Collection entries:
===============

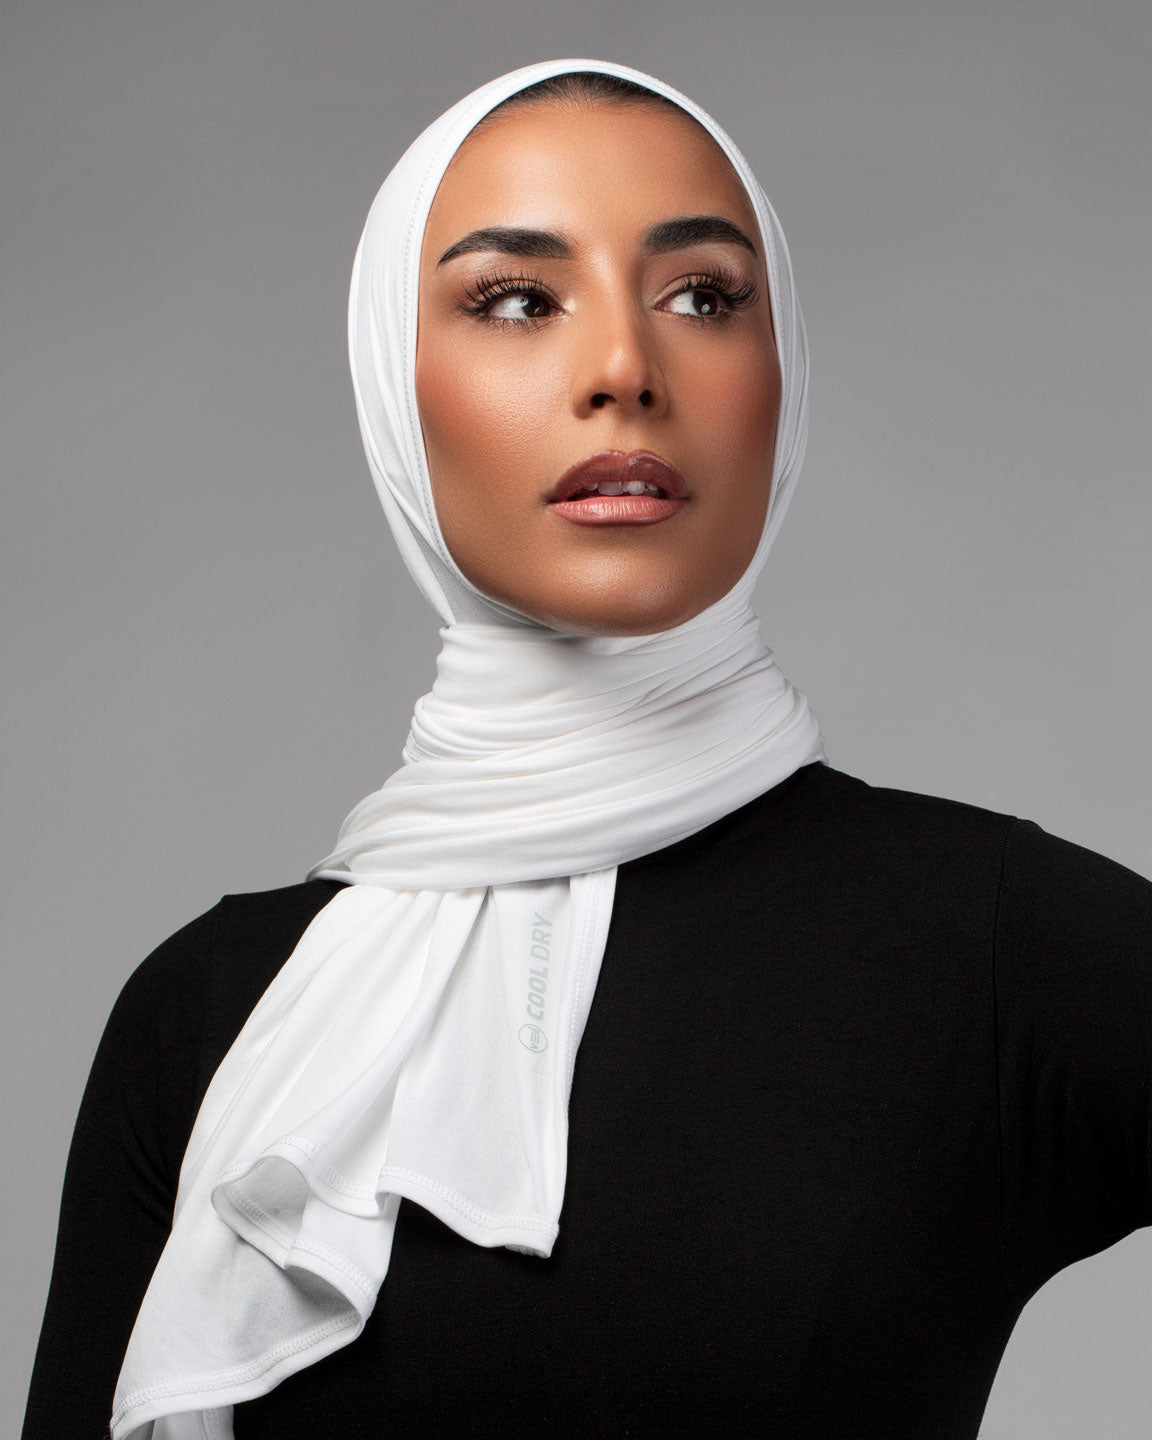 Cool Dry Shawl 2.0 in white by Veil Garments. Sports hijab collection.
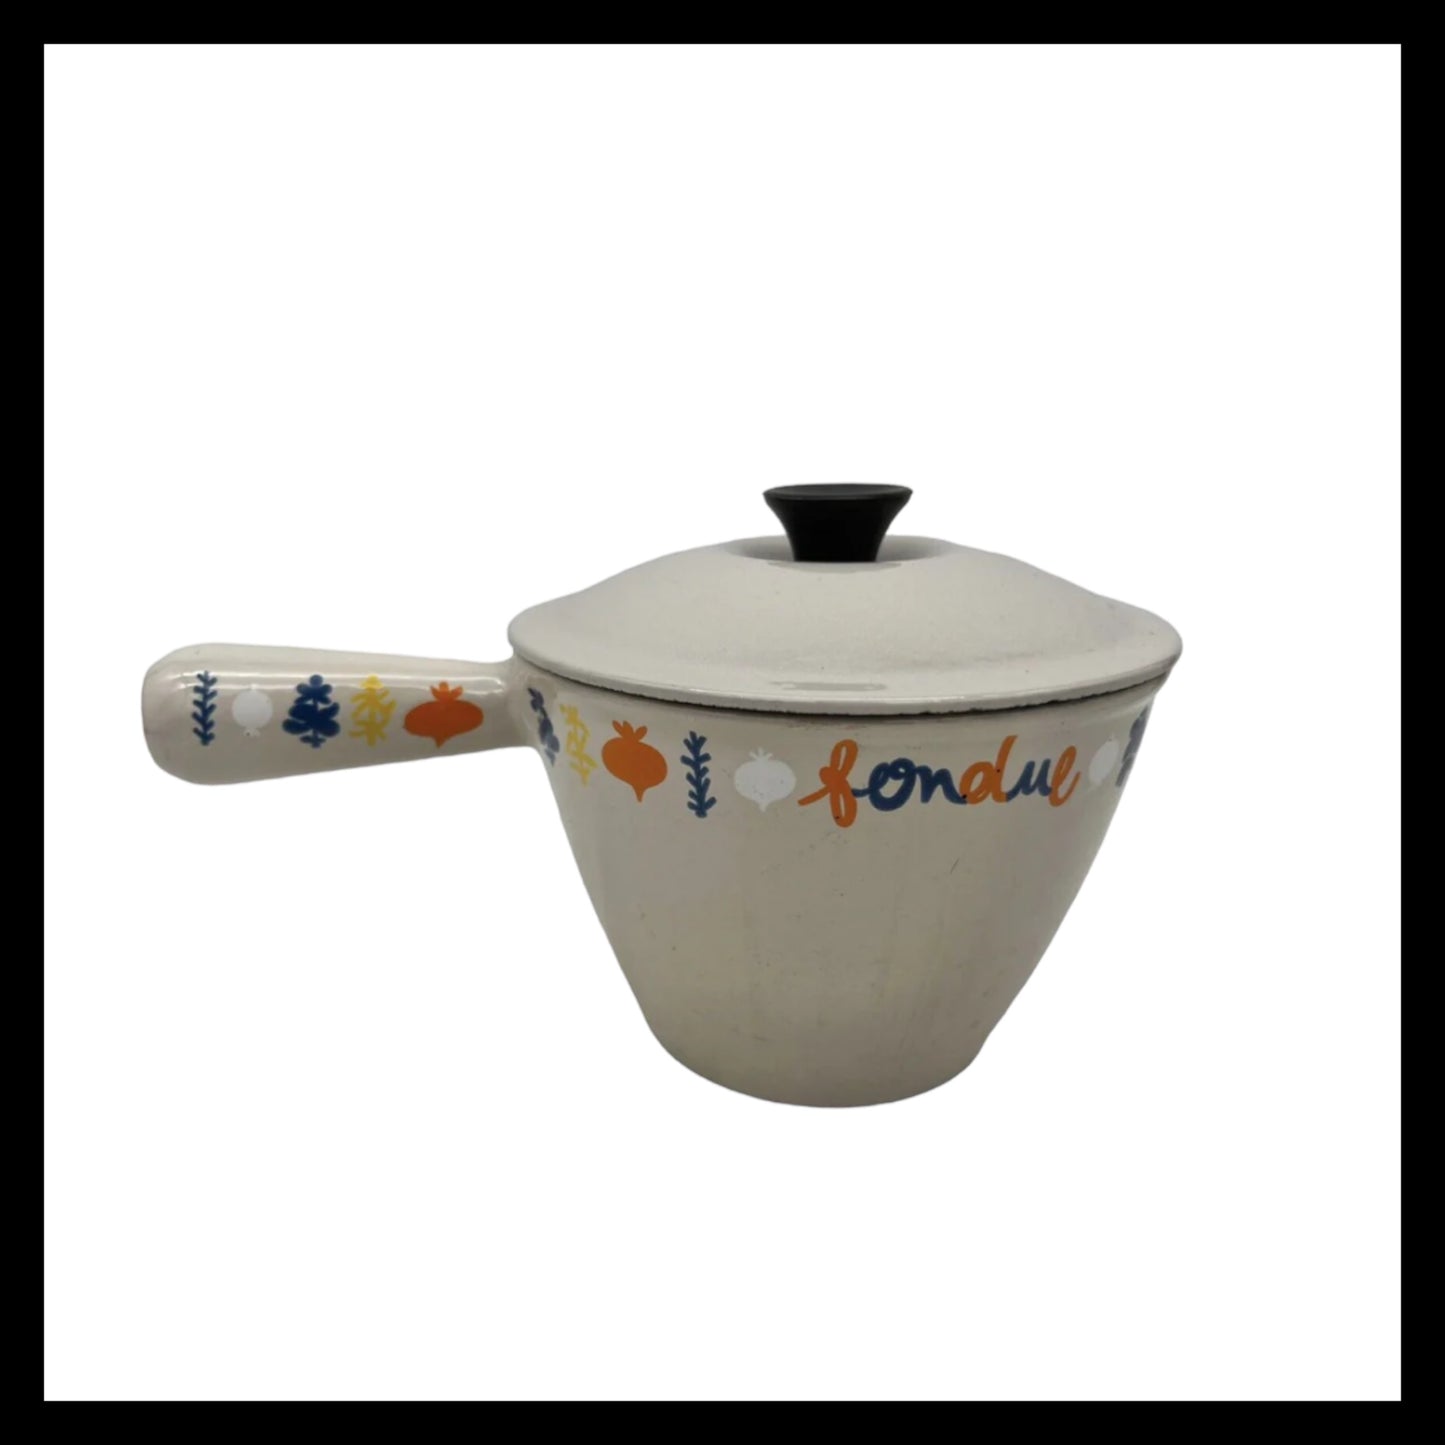 image French vintage Le Creuset fondue pot saucepan and lid sold by All Things French Store
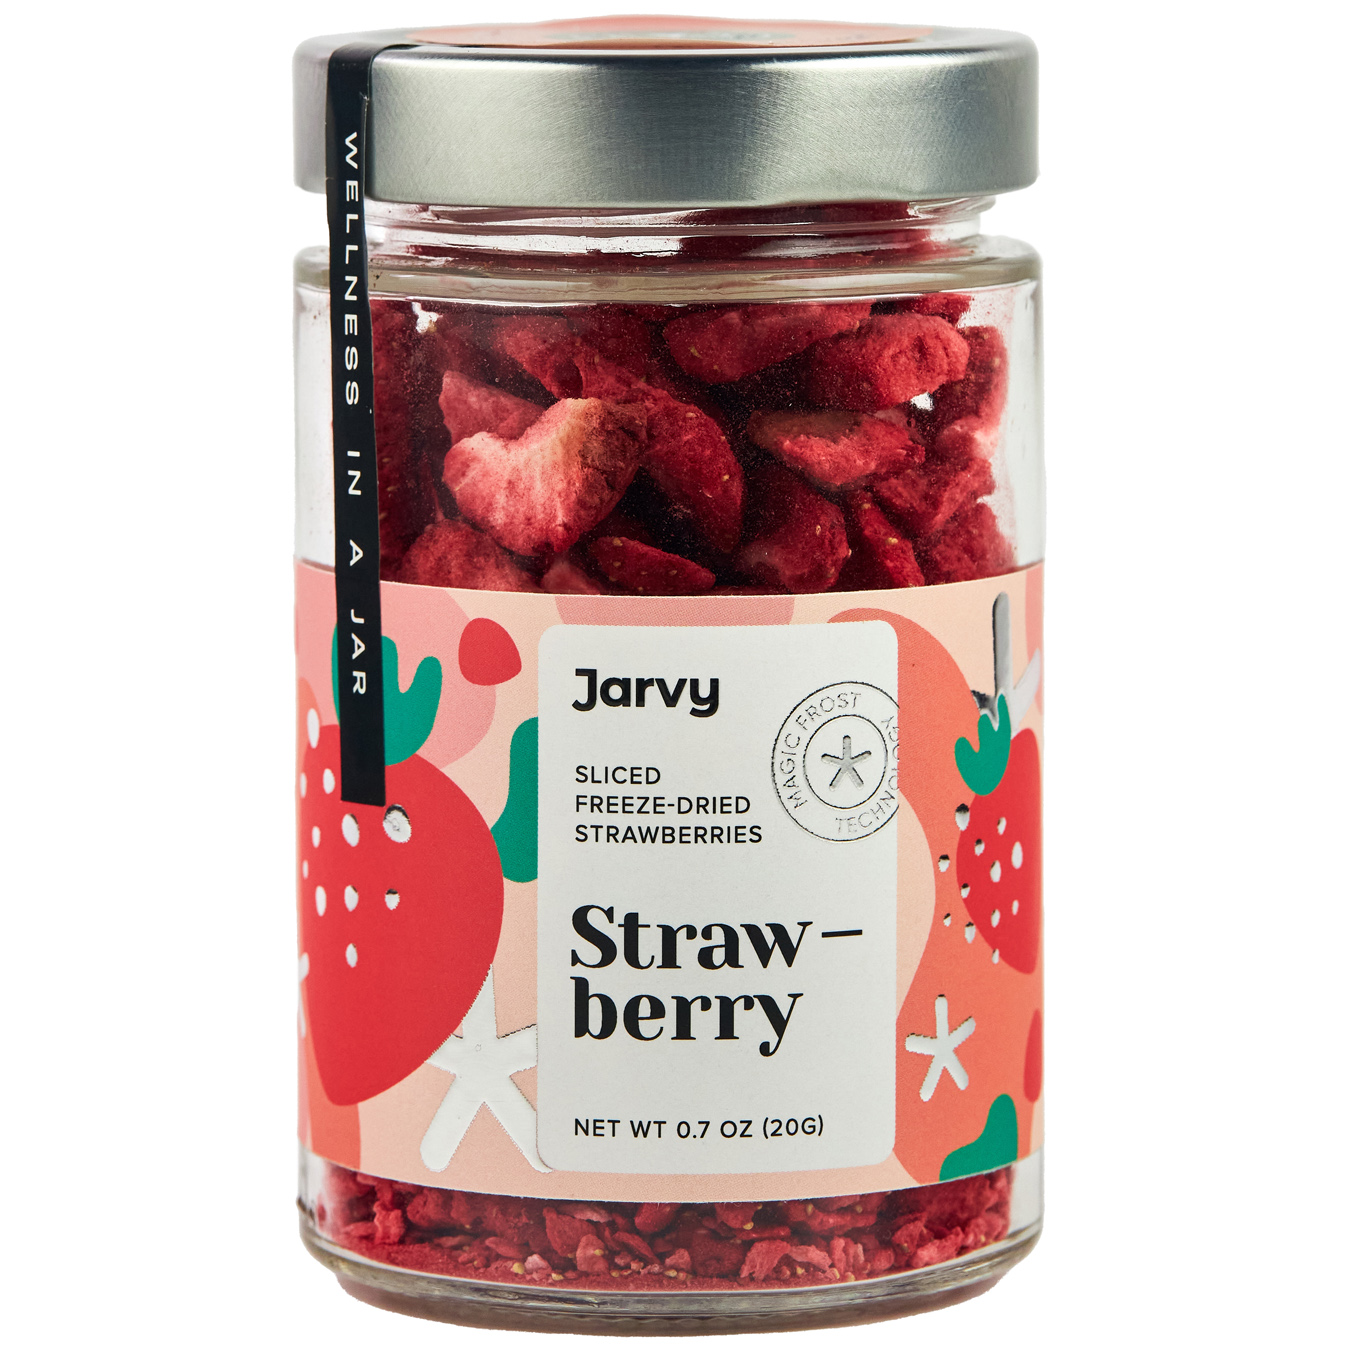 Jarvy sublimated strawberry slices 20g
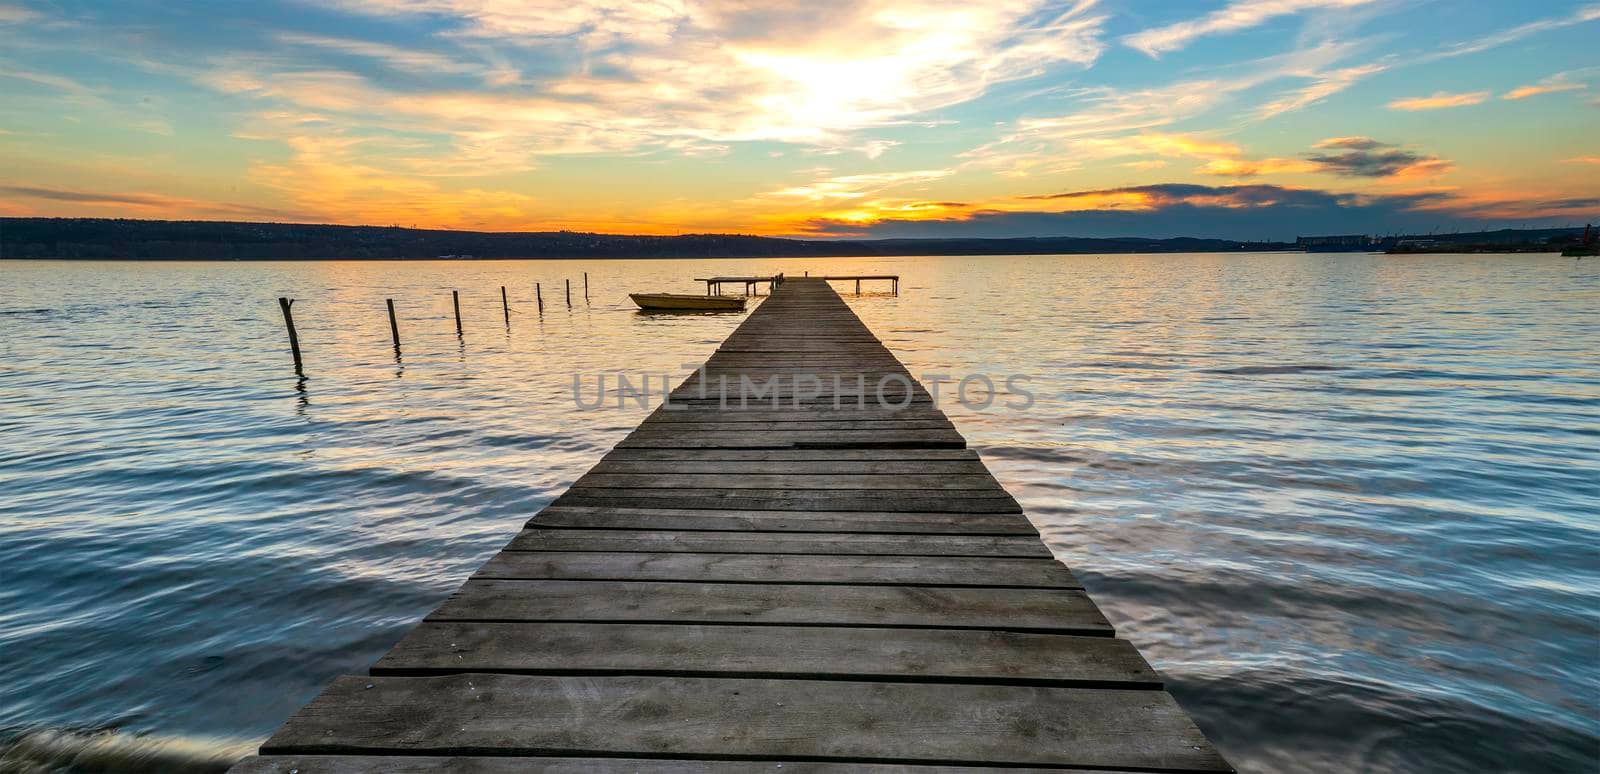 Exciting twilight at the shore with wooden pier and moored boat by EdVal
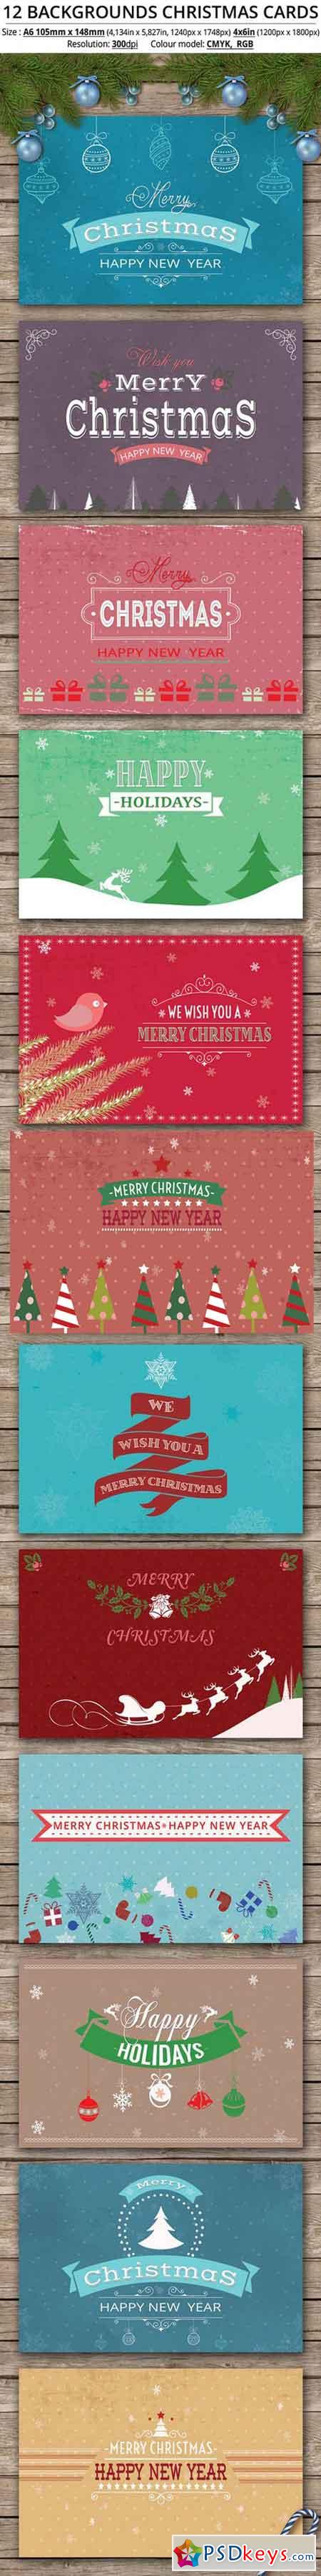 12 Backgrounds Christmas Cards 388701
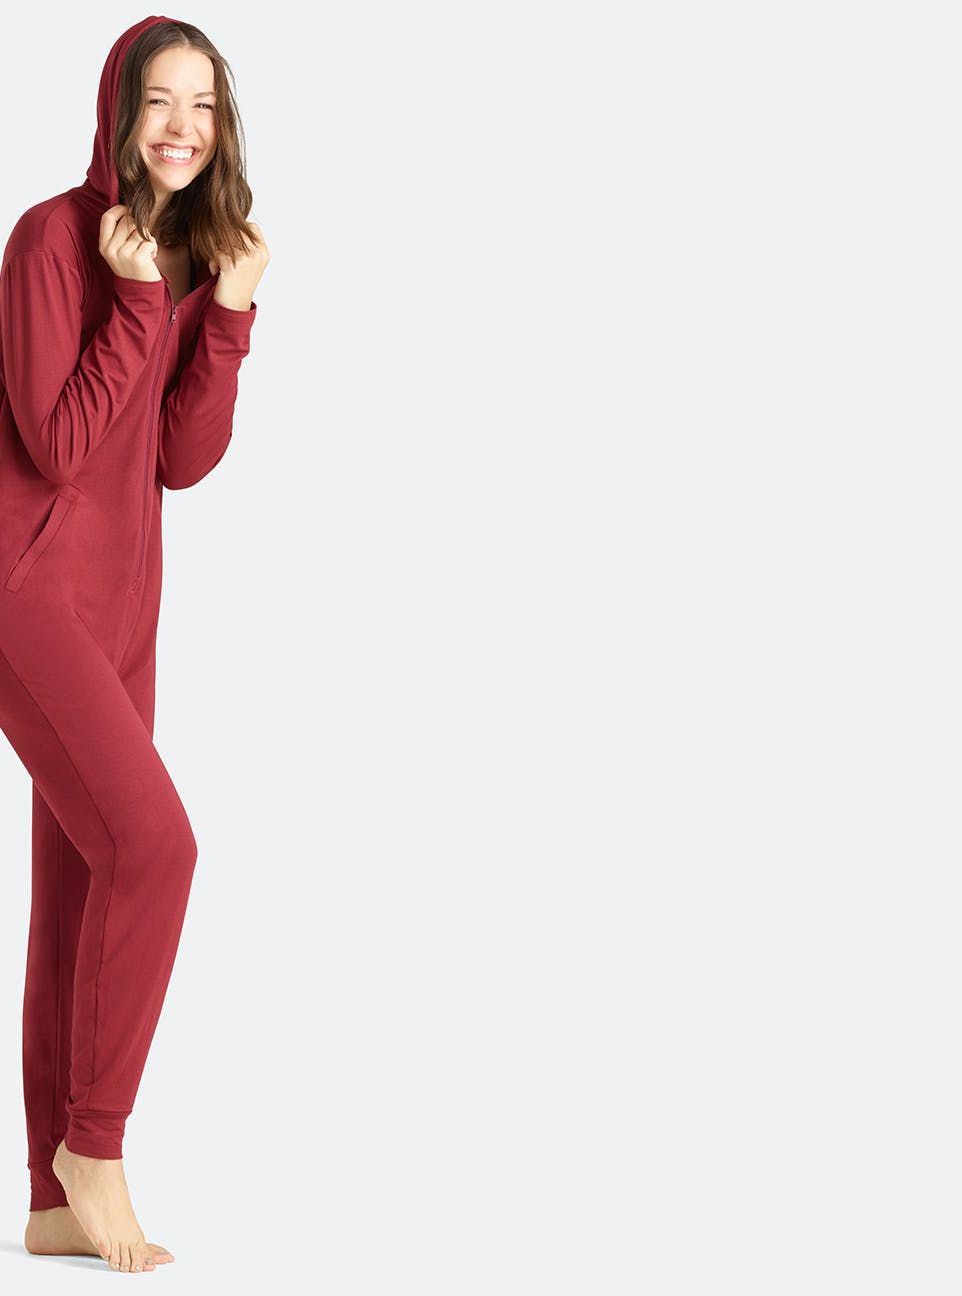 The Best Nightgowns and Pajamas to Pair With Your Slippers – Jill Burrows

===============

EXERCISE DESCRIPTION: Except for the pictures, set down all of the records exactly as they are.

RESULT FOR THIS EXERCISE:
 Cool Dry Shawl 2.0 in white by Veil Garments. Sports hijab collection.
 image French vintage Le Creuset fondue pot saucepan and lid sold by All Things French Store
 Jarvy sublimated strawberry slices 20g
 Exciting twilight at the shore with wooden pier and moored boat by EdVal
 12 Backgrounds Christmas Cards 388701
 The Best Nightgowns and Pajamas to Pair With Your Slippers – Jill Burrows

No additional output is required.